▶ [Instructions for the task]
Repeat the data as given. Images do not go in the copy.

Collected data:
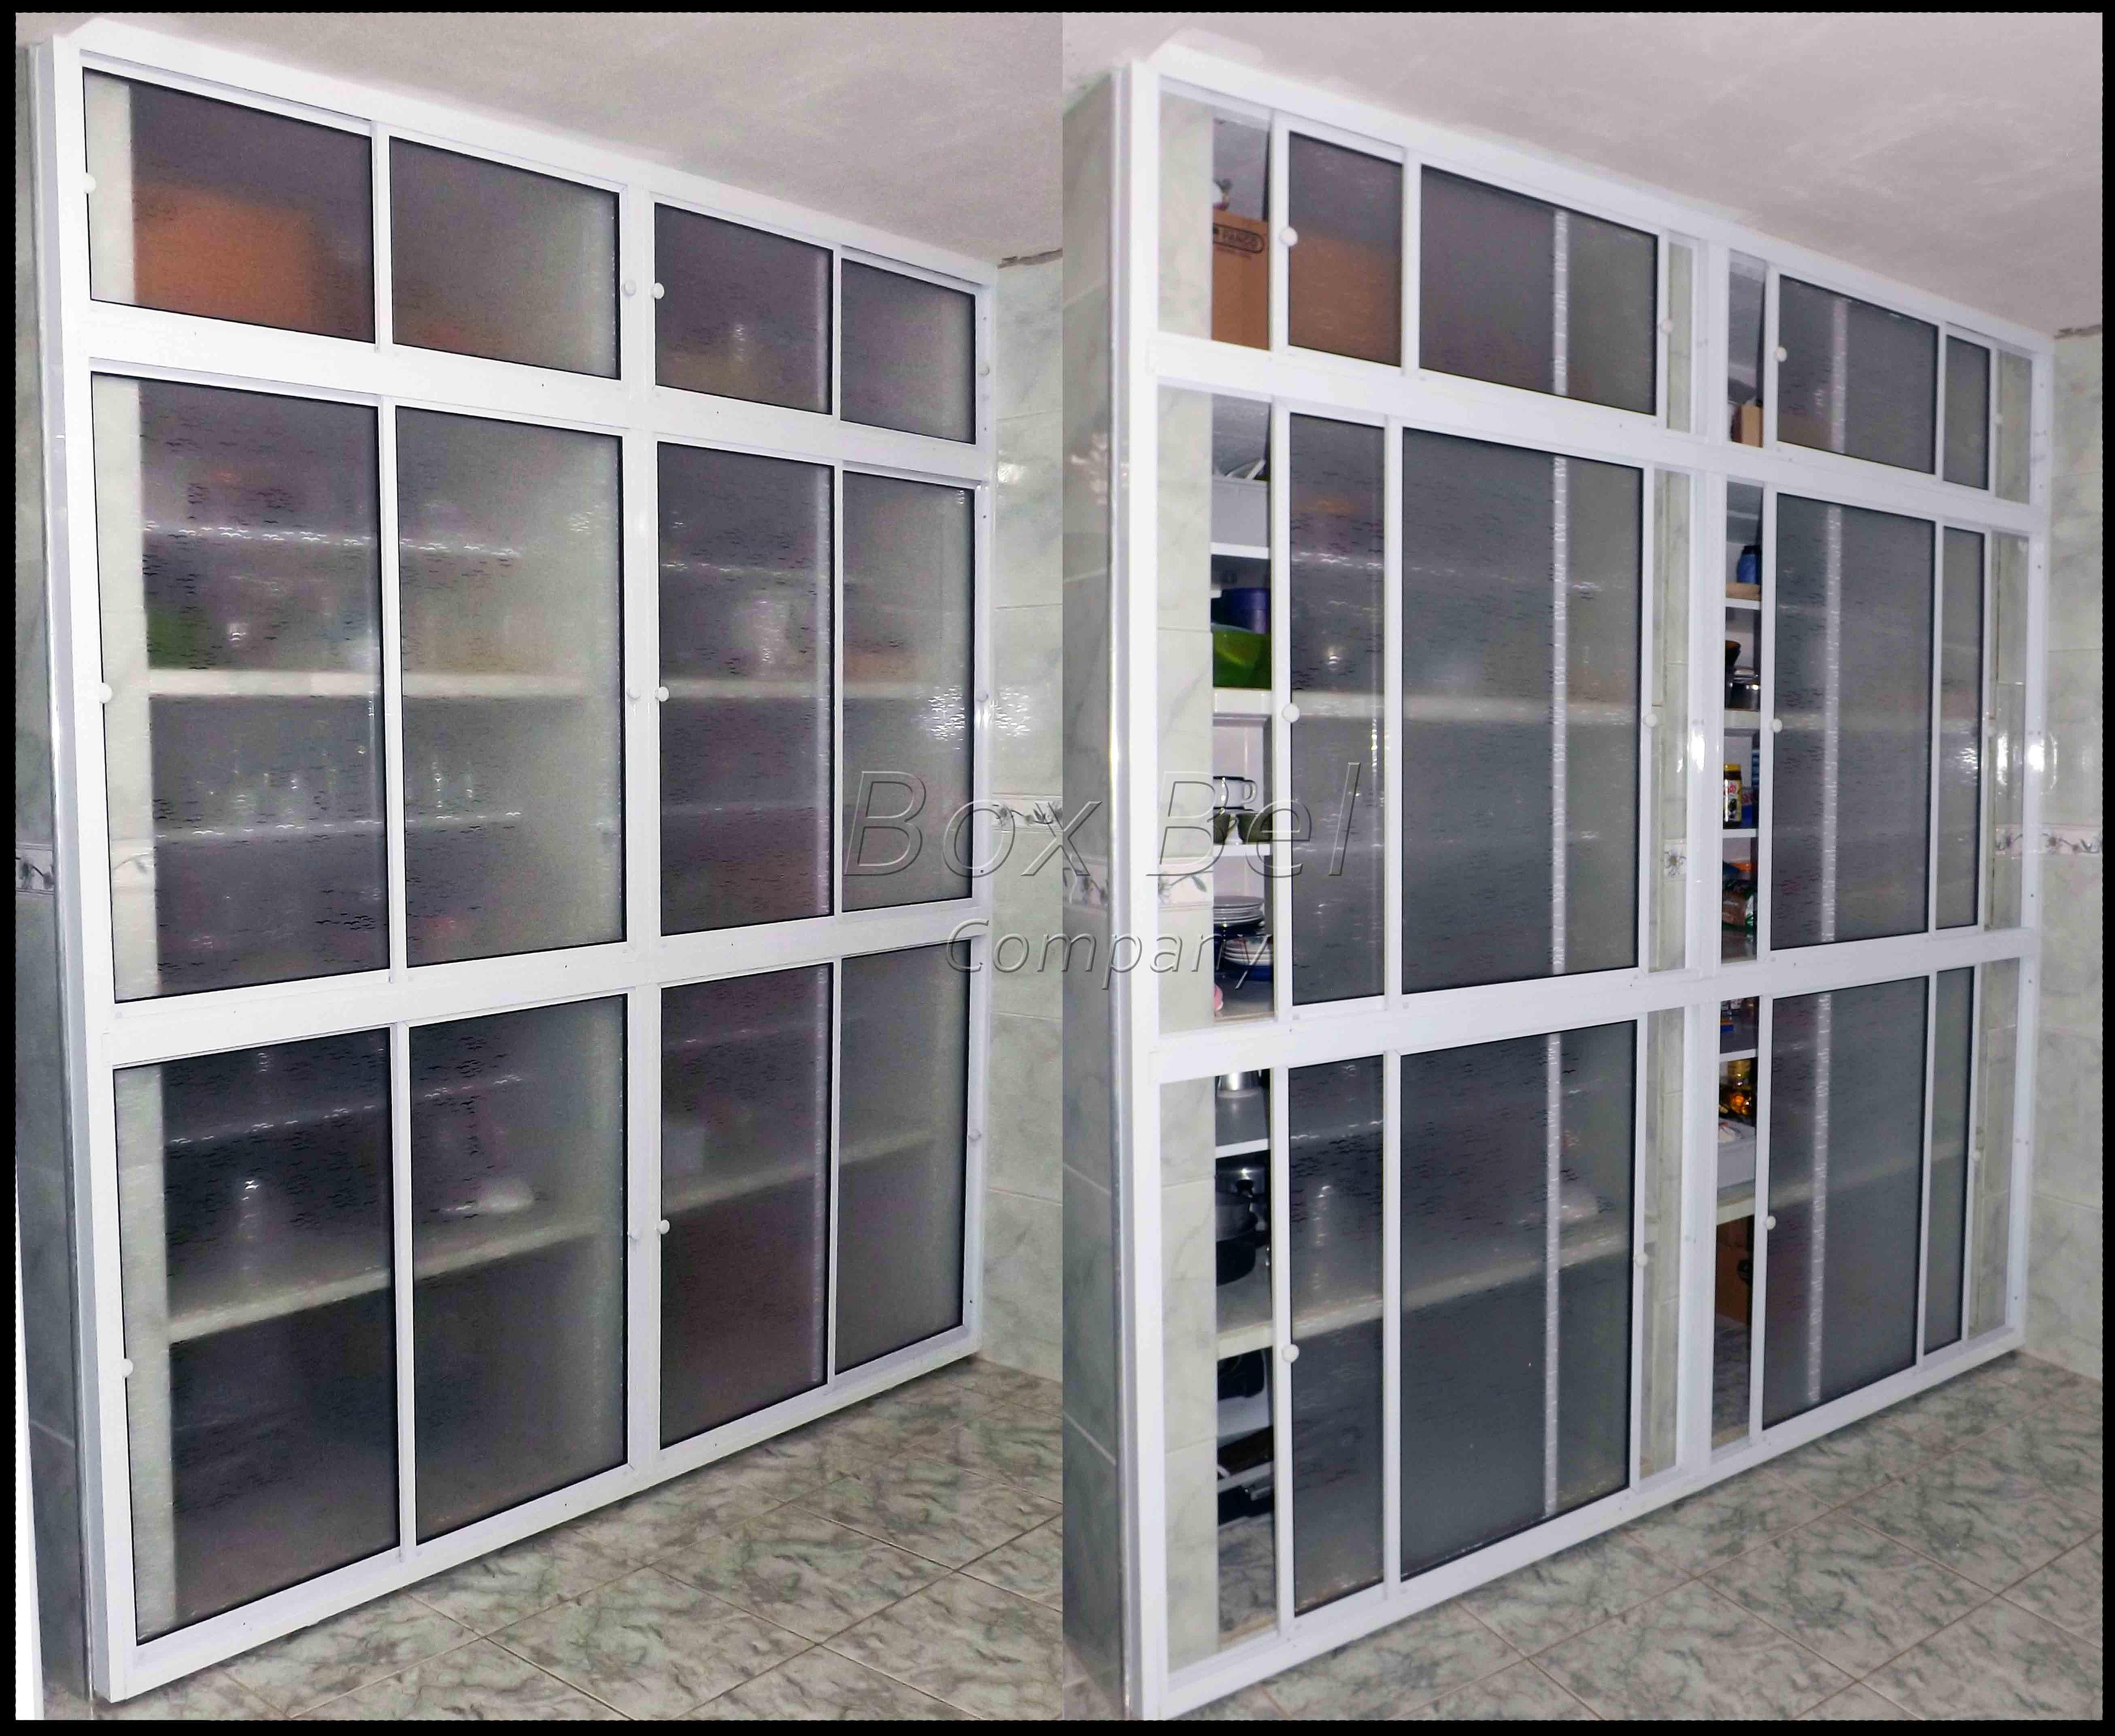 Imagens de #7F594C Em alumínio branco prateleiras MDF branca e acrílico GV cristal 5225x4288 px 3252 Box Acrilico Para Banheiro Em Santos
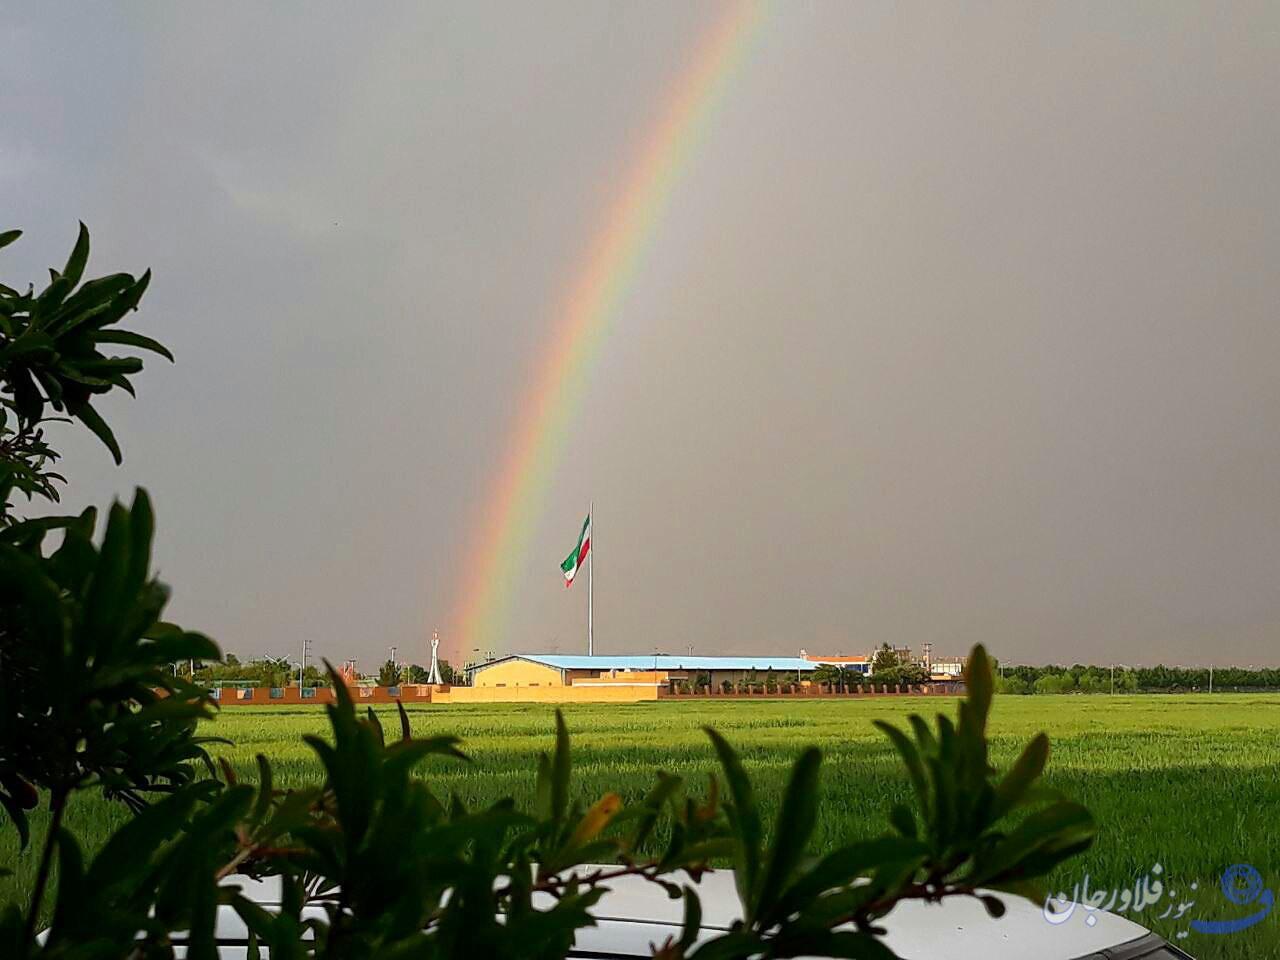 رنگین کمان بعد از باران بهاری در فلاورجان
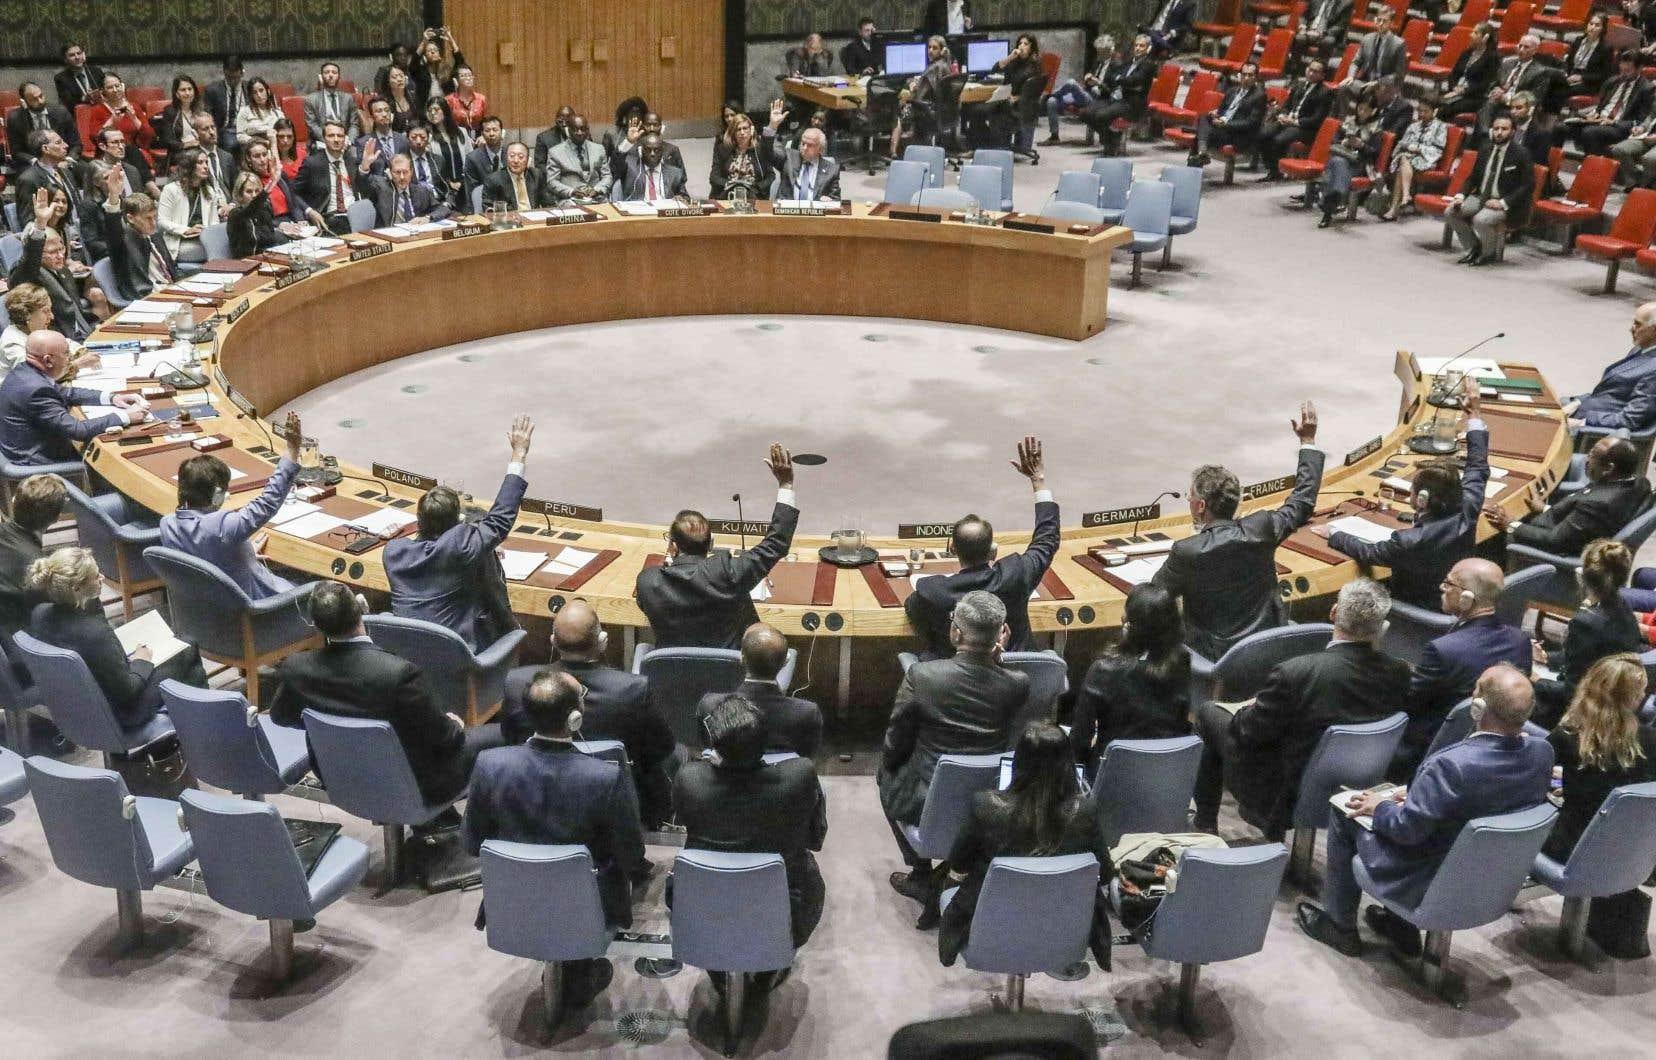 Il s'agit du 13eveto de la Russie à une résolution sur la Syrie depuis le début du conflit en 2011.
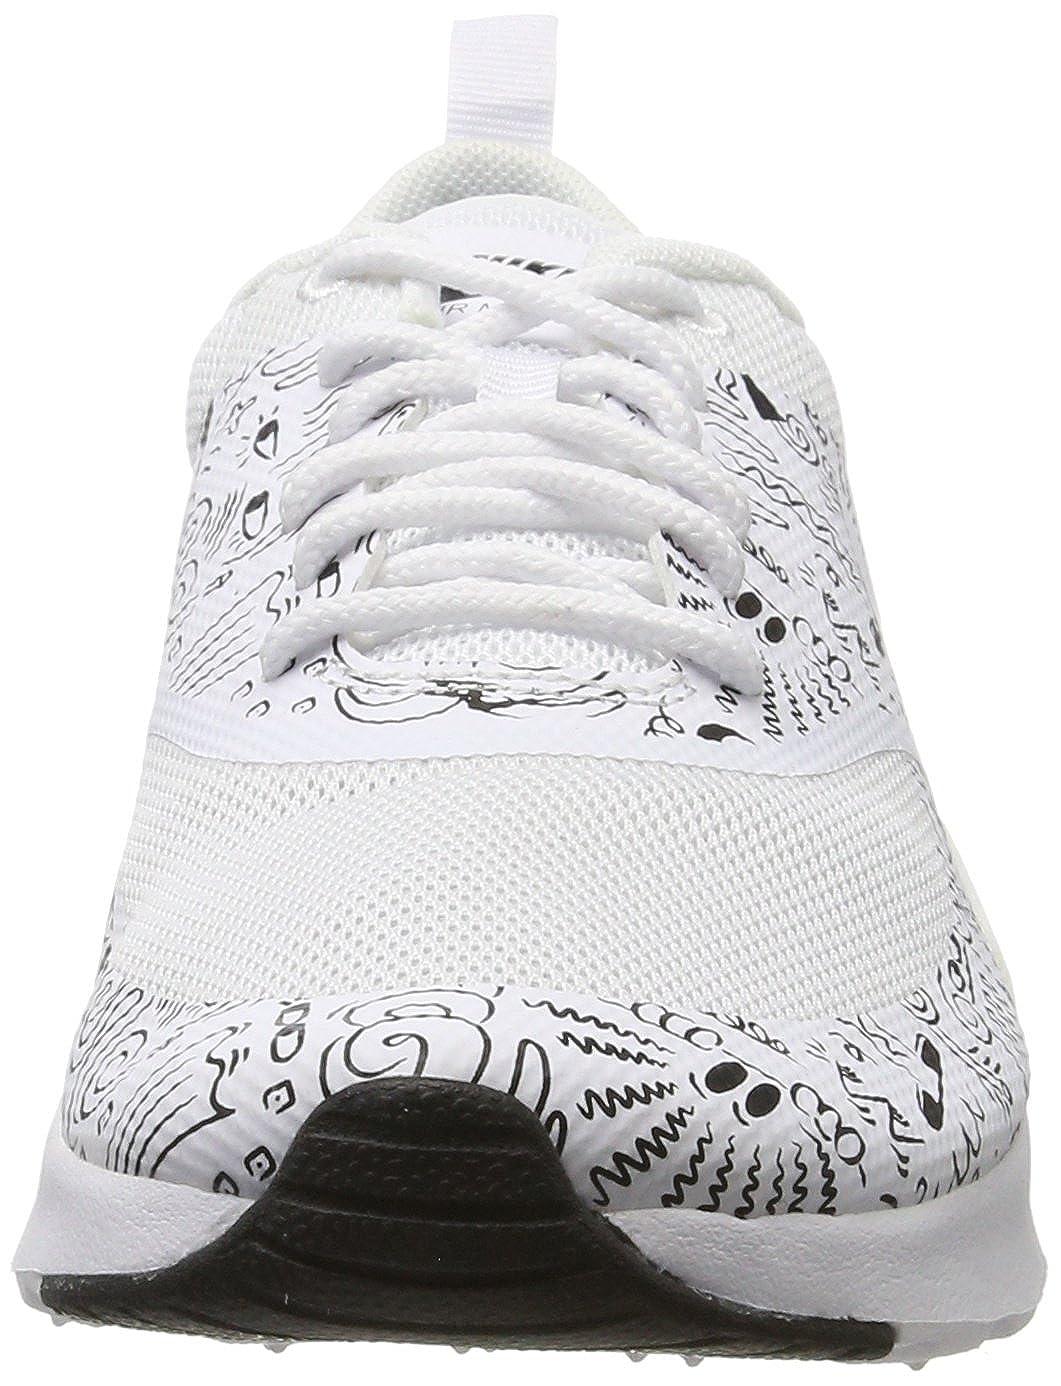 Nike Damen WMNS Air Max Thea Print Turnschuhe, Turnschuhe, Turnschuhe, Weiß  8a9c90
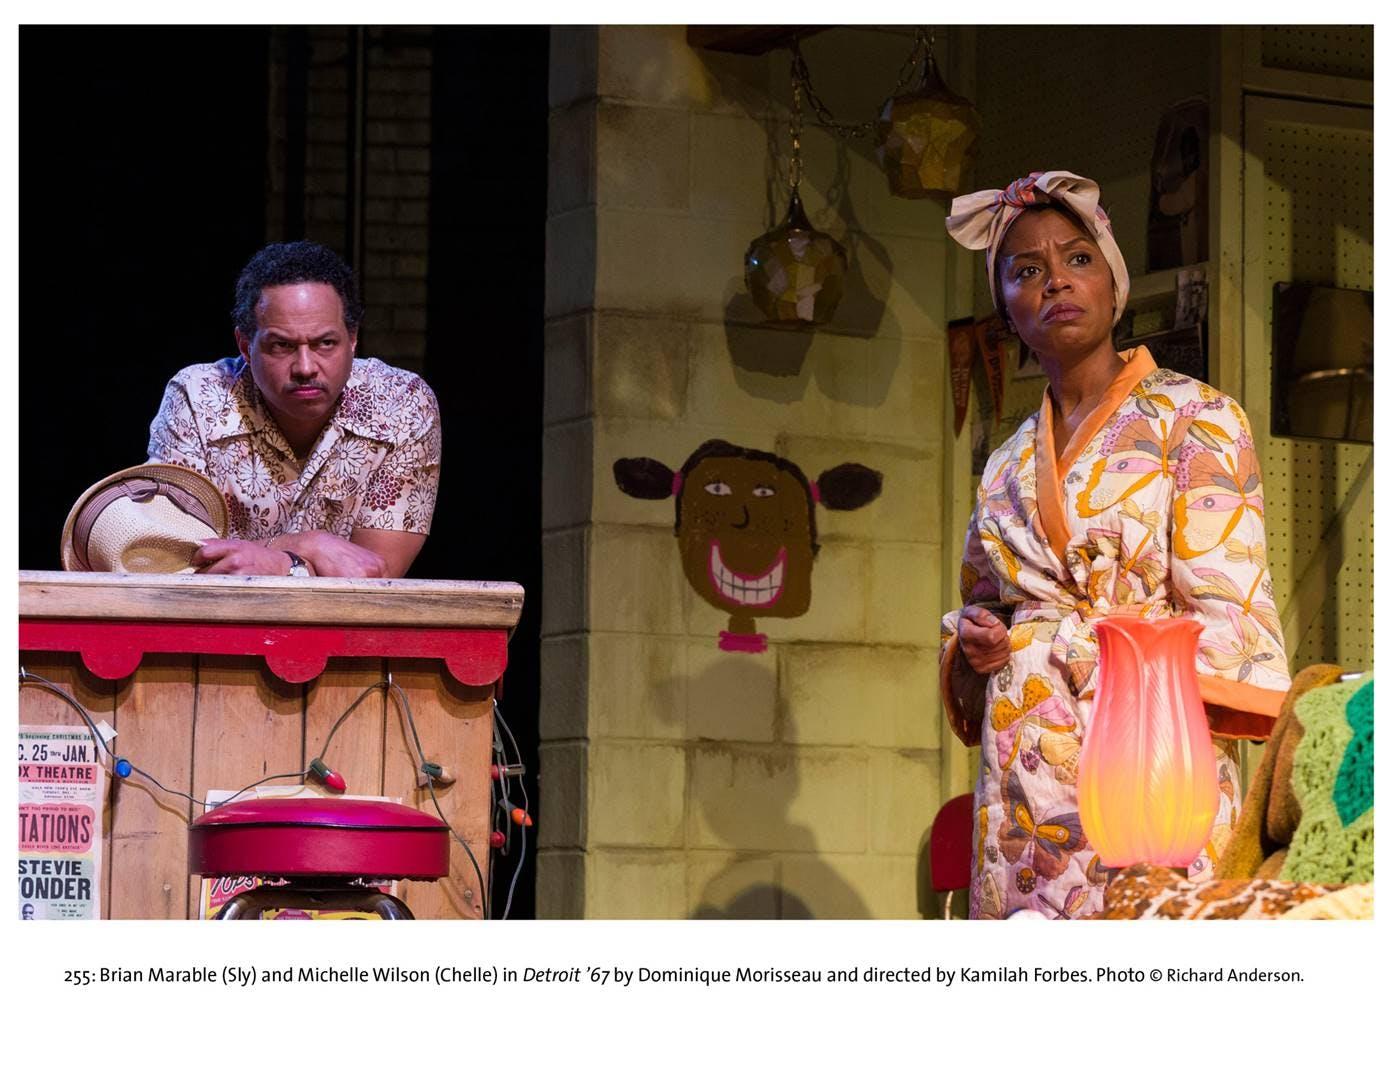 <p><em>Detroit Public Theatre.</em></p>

▶ [Answer box]
 Imagens de #7F594C Em alumínio branco prateleiras MDF branca e acrílico GV cristal 5225x4288 px 3252 Box Acrilico Para Banheiro Em Santos
 رنگین کمان بعد از باران بهاری در فلاورجان
 Il s'agit du 13eveto de la Russie à une résolution sur la Syrie depuis le début du conflit en 2011.
 Nike Damen WMNS Air Max Thea Print Turnschuhe, Turnschuhe, Turnschuhe, Weiß  8a9c90
 <p><em>Detroit Public Theatre.</em></p>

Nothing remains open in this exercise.